→ Stored data
###

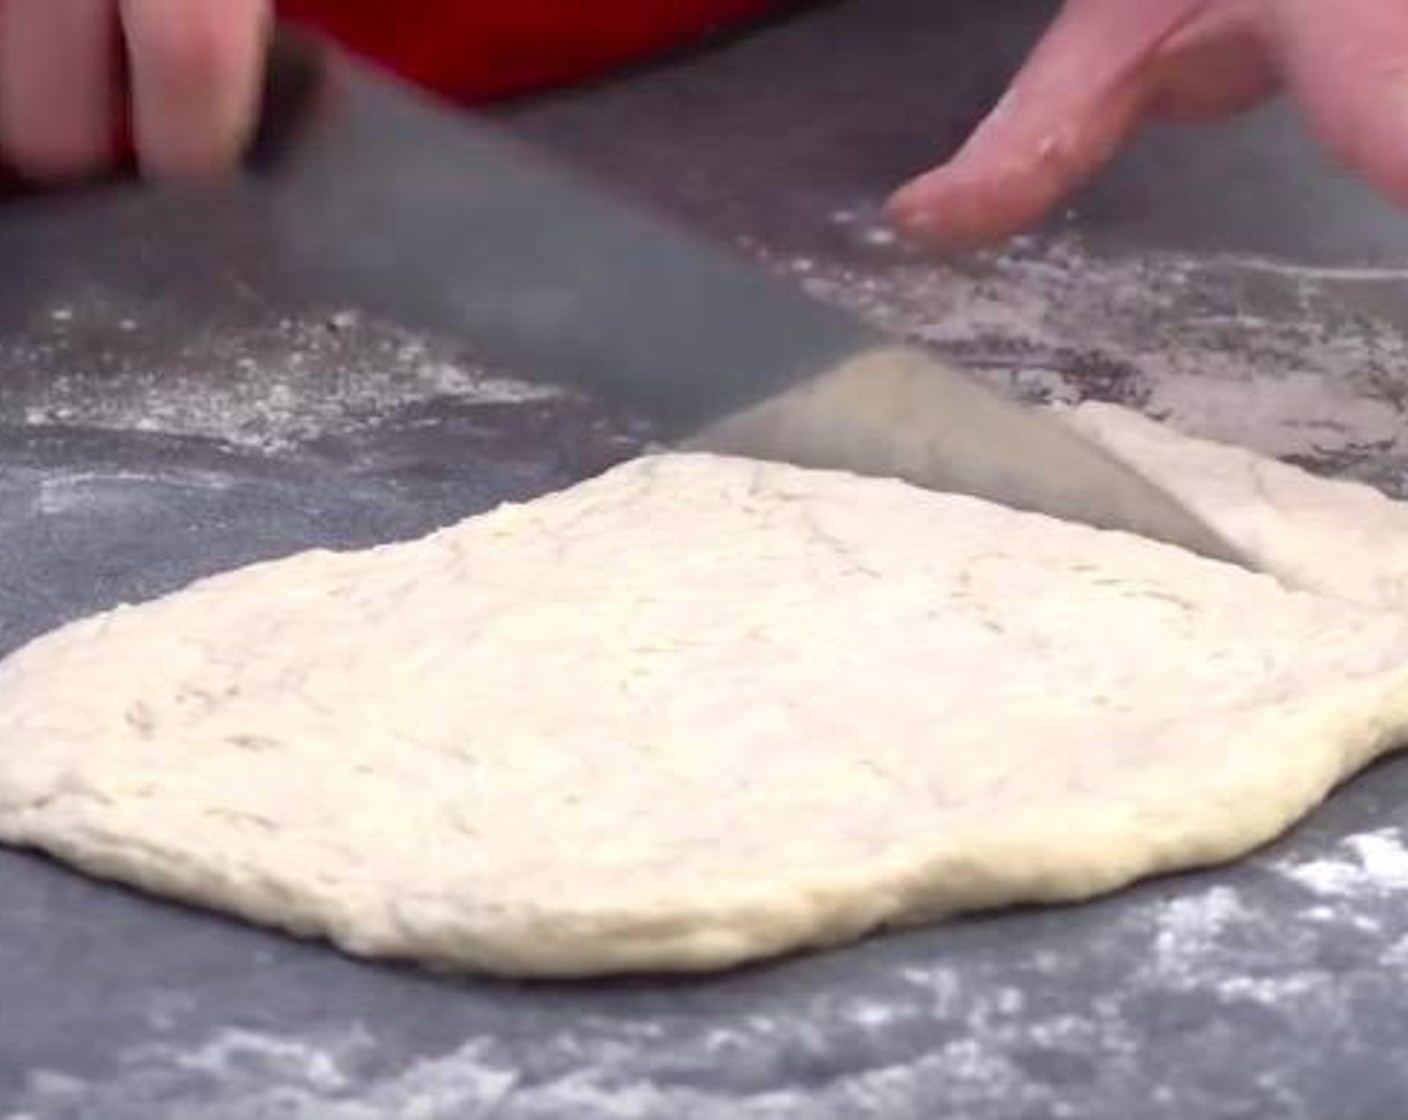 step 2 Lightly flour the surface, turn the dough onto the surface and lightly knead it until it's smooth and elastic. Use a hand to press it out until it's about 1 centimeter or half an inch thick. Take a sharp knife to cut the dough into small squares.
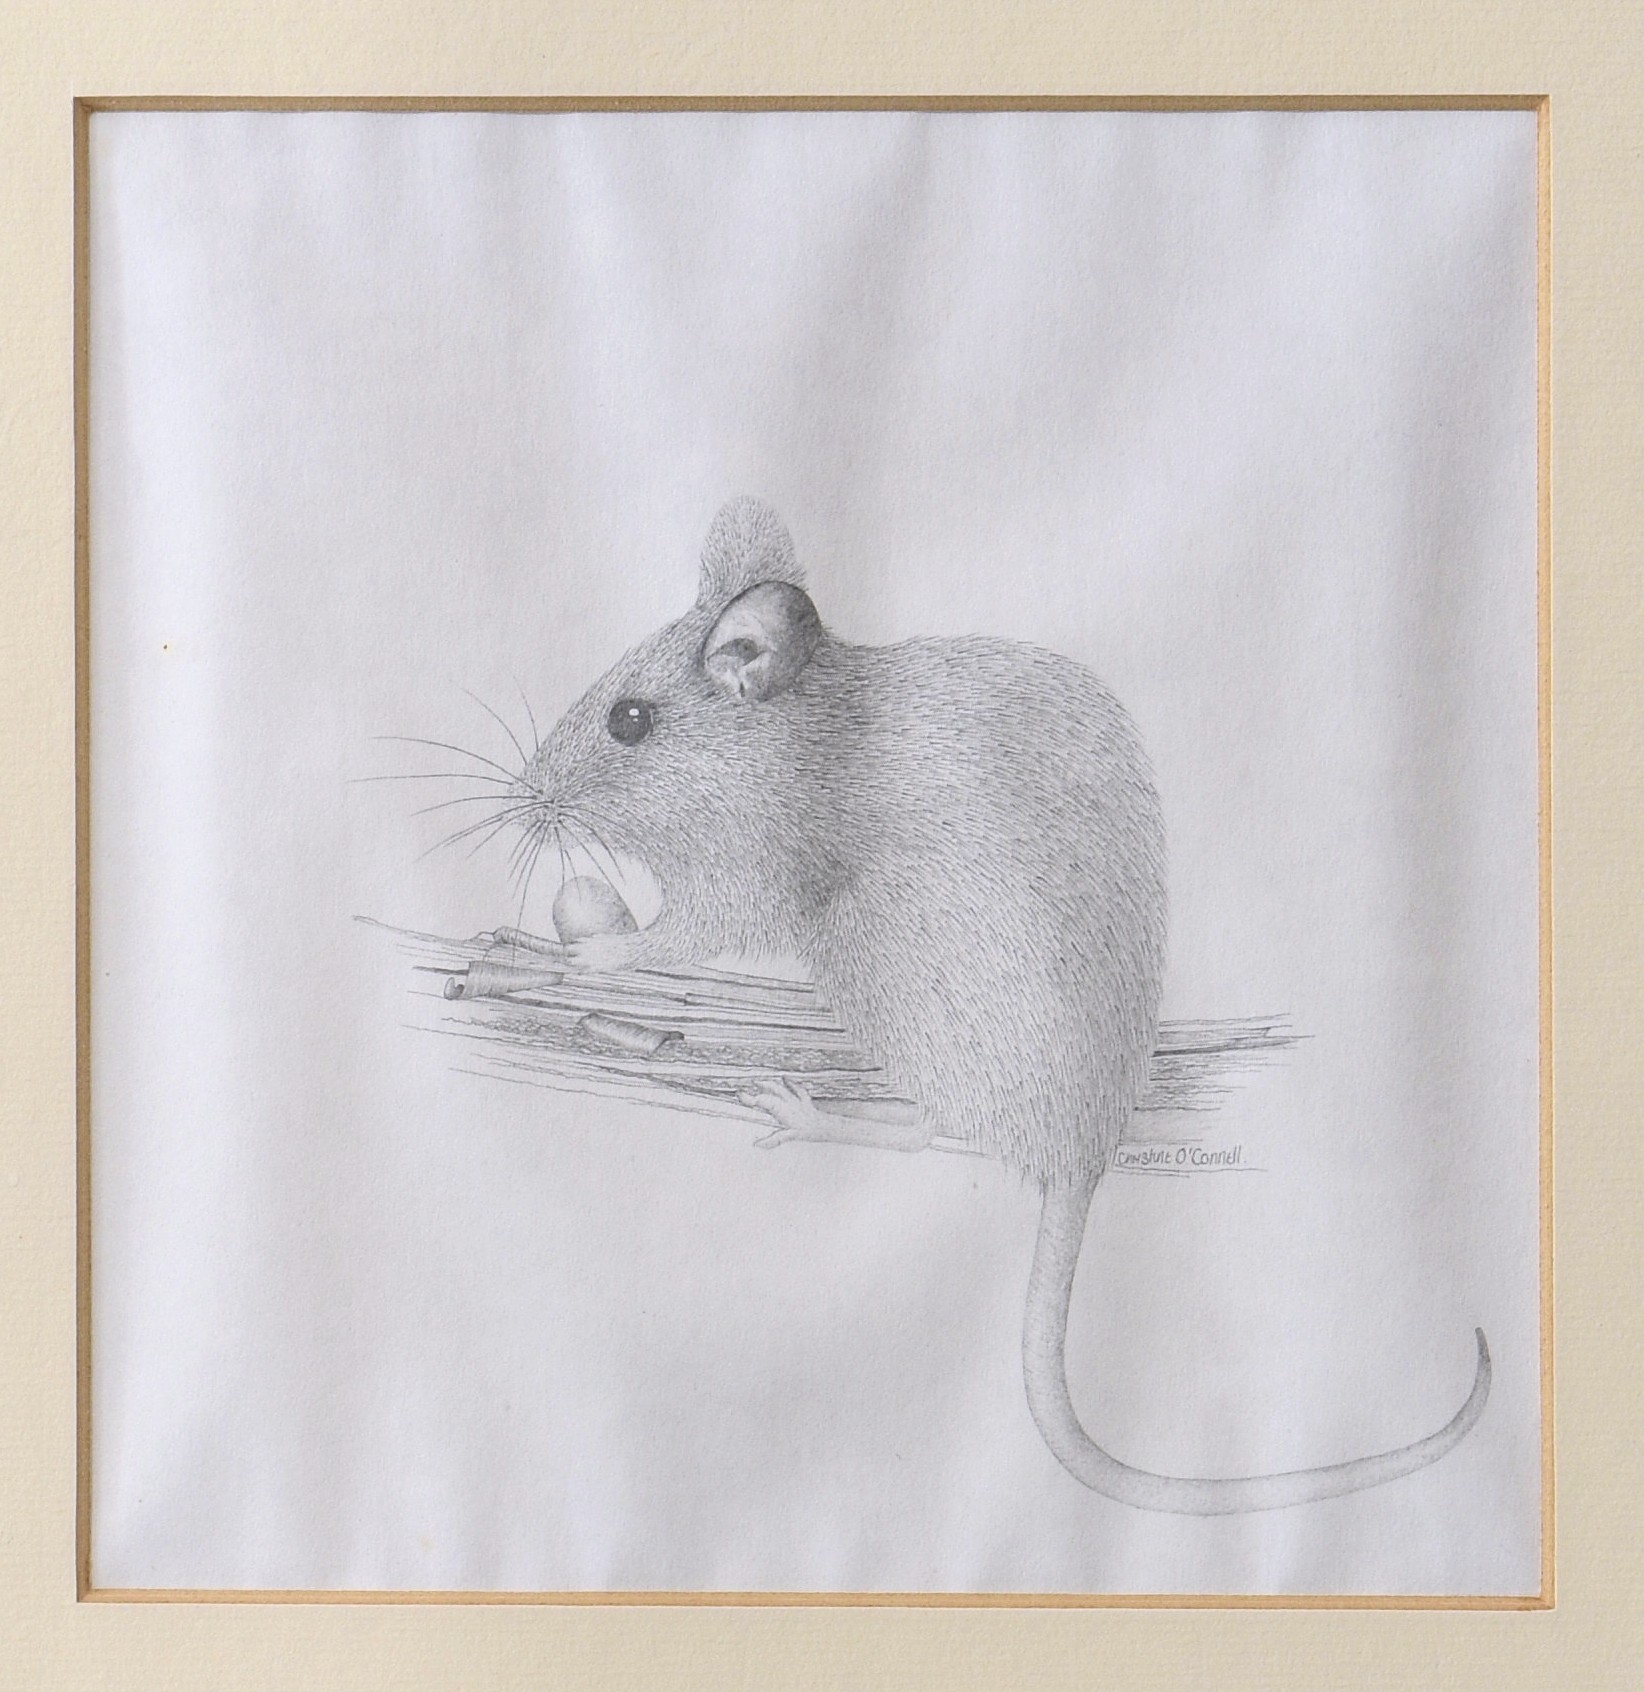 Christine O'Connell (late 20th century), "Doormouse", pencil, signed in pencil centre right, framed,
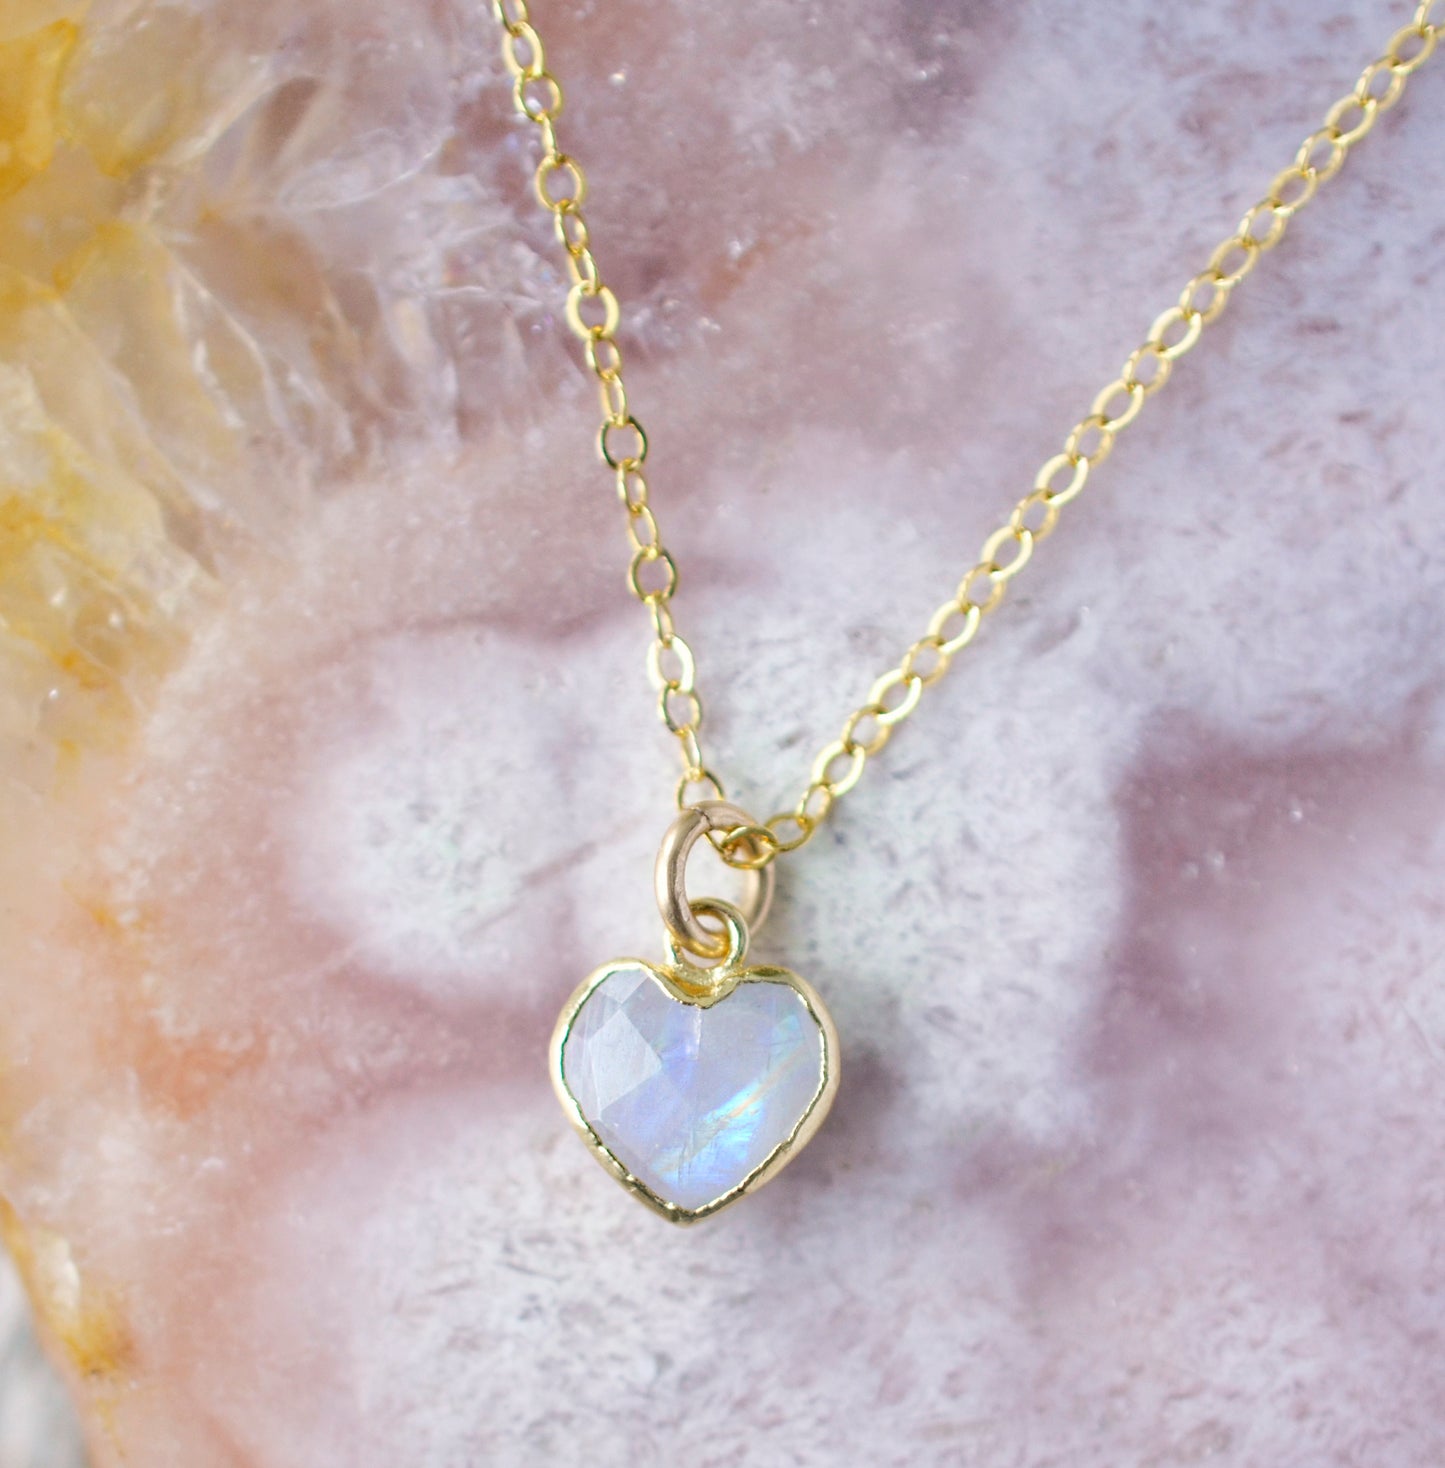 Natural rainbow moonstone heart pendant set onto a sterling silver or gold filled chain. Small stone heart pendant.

###

→ What you are asked to do
What is needed is an exact restatement of the lines from the line with "Christine O'Connell (late" through the final line of the data, pictures excluded.

→ Answer
 Christine O'Connell (late 20th century), "Doormouse", pencil, signed in pencil centre right, framed,
 Natural rainbow moonstone heart pendant set onto a sterling silver or gold filled chain. Small stone heart pendant.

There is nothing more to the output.